Wear and repair
We carry stories about our lives around in our heads that translate into our bodies. I’ve been trained to assess a human body based on postural cues from standing position and walking gait, but the most informative tool I have is to ask “Tell me about your movement...”
I listen to discover mindset. Belief systems inform our choices and our movements. Some people have decided what they are capable of based on past experiences and keep that belief close to their heart. They aren't ready to test themselves in those ways and will use their pain experiences to ferret out whether I can find it and respect it. This is their test of my competence and, eventually, of their trust. It can be shattering to their sense of self to try to jump from “I can’t do that” or "I don't do that" to “I can” or "I will" too quickly. The idea that they, themselves, might be actively participating in prolonging their own pain by protecting that story is not a comfortable concept to own. We have to allow for the process of unravelling the story in whatever time it takes. It may have taken years to build it, experience by experience, into the story it has become.
“How far back should I go?” or “Everything? How much time do you have?!” are common answers to my history request.
The most interesting book in the world is titled,
“If it is relevant to you, it will be relevant to me. List anything that came to mind. Perhaps we’ll discover more as we begin to move.”

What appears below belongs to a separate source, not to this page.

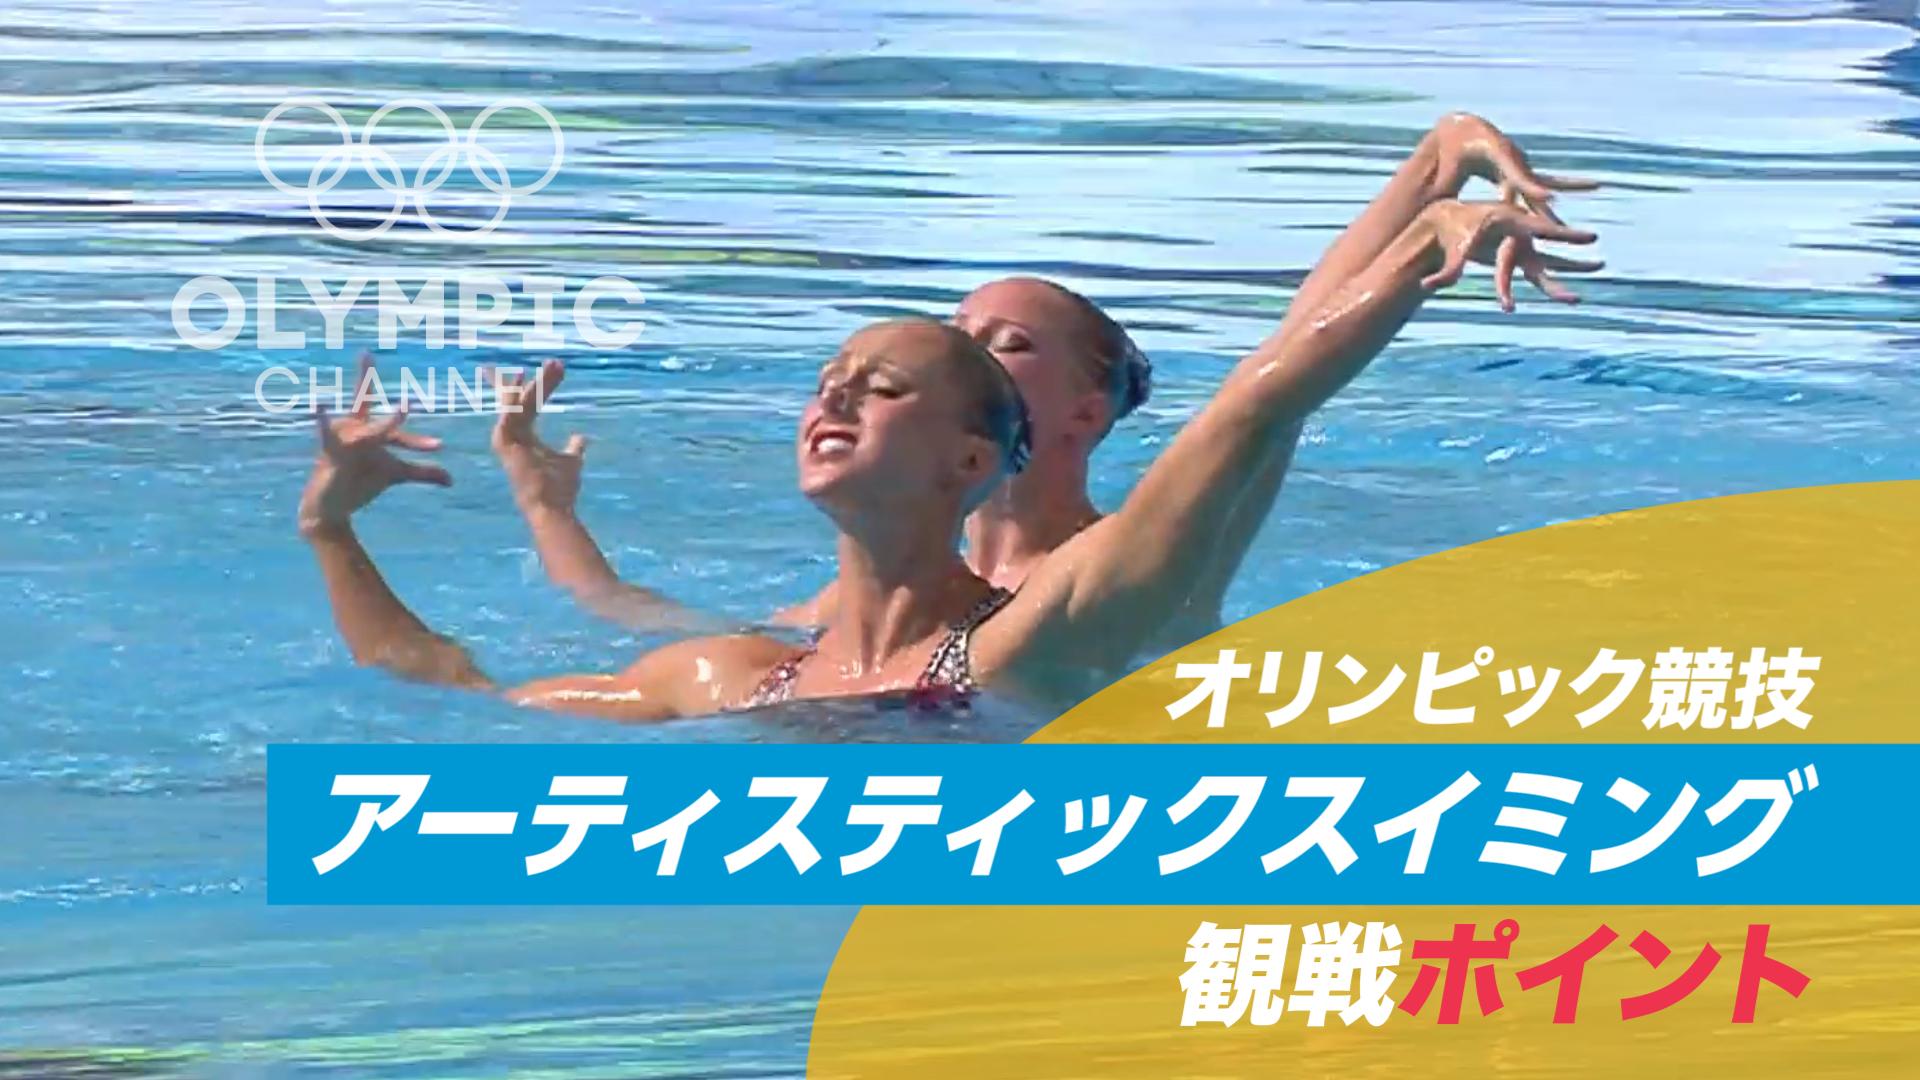 【動画】オリンピック競技 観戦ポイント アーティスティックスイミング

I can generally spot discomfort, fatigue, and protectionism while you move and I'm going to ask about it in our discovery process. I cannot tell you how often I’m informed mid-movement, “Well, I did have surgery in that area a few years ago, maybe that's it?”

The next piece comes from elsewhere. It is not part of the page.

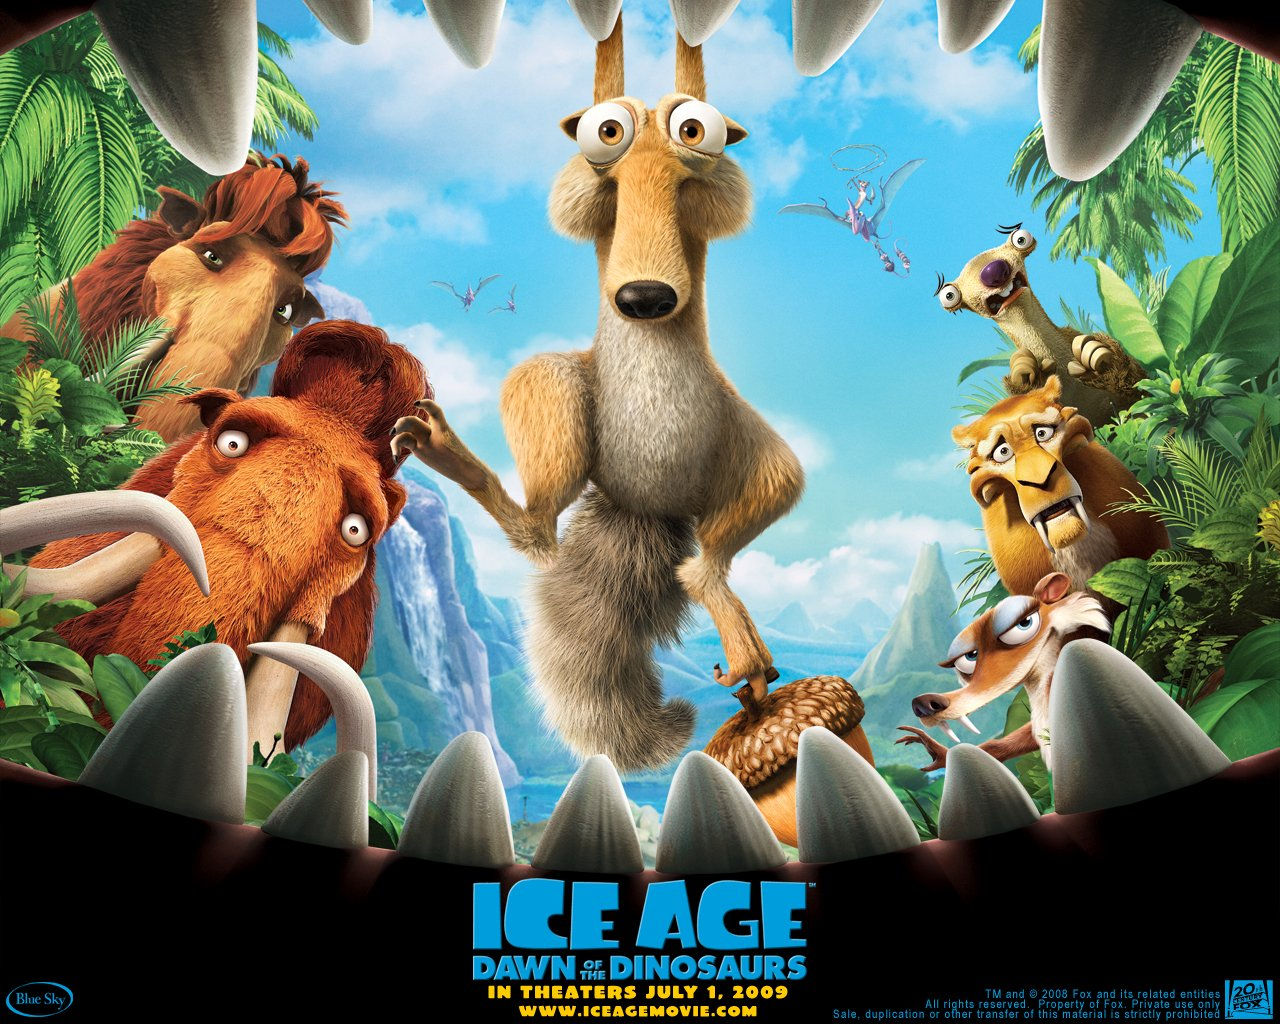 Gambar Ice Age
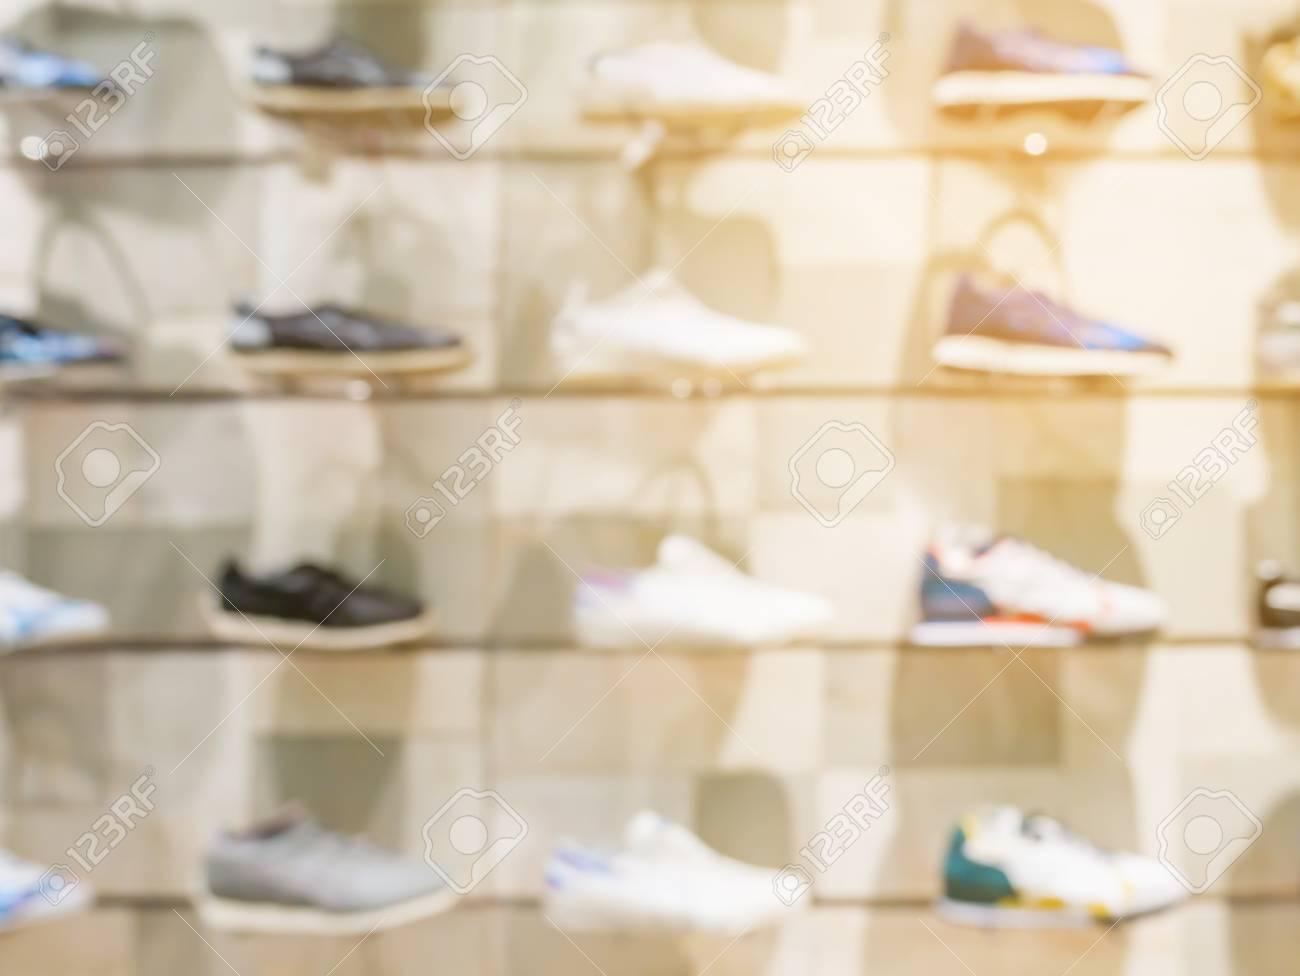 Étagères De Sur Les Magasin Dans Sport Le Chaussures wOgIUx

In my honest opinion? That’s long healed. Your body has likely adapted and we are masters of finding ways to accommodate or compensate to get the task done. How much attention went into retraining yourself back into alignment after the acute phase was over? Now add years of unconscious practice into that adaptive pattern. Is the surgery a current concern? No. Though it is clearly a part of your story. Like a past relationship can inform your behaviour in a current one, but how present you keep that memory can determine how invasive it will be.
Movement can be like medication.
Too little is no good and too much can feel like poison.
Respect your resistance. Sometimes we cannot pinpoint why we don't want to move certain ways or why it's so difficult to connect our brains into our bodies. We can stare at our pinkie toe and will it to independently wiggle while nothing much actually happens. This is a benign example of a challenge to our neurological connections in a specific area. Respect resistance when you find it. It's a chance to investigate or, perhaps, to return in future. It takes 8 to 12 weeks to make physical changes to the internal structure of the body through consistent practice. Push to a point of challenge, not through pain or beyond fatigue, and never against your will. Ask yourself what you have to gain. A freely, independent pinkie toe is a great parlour trick amongst movement professionals and simply freaky to the rest of the population.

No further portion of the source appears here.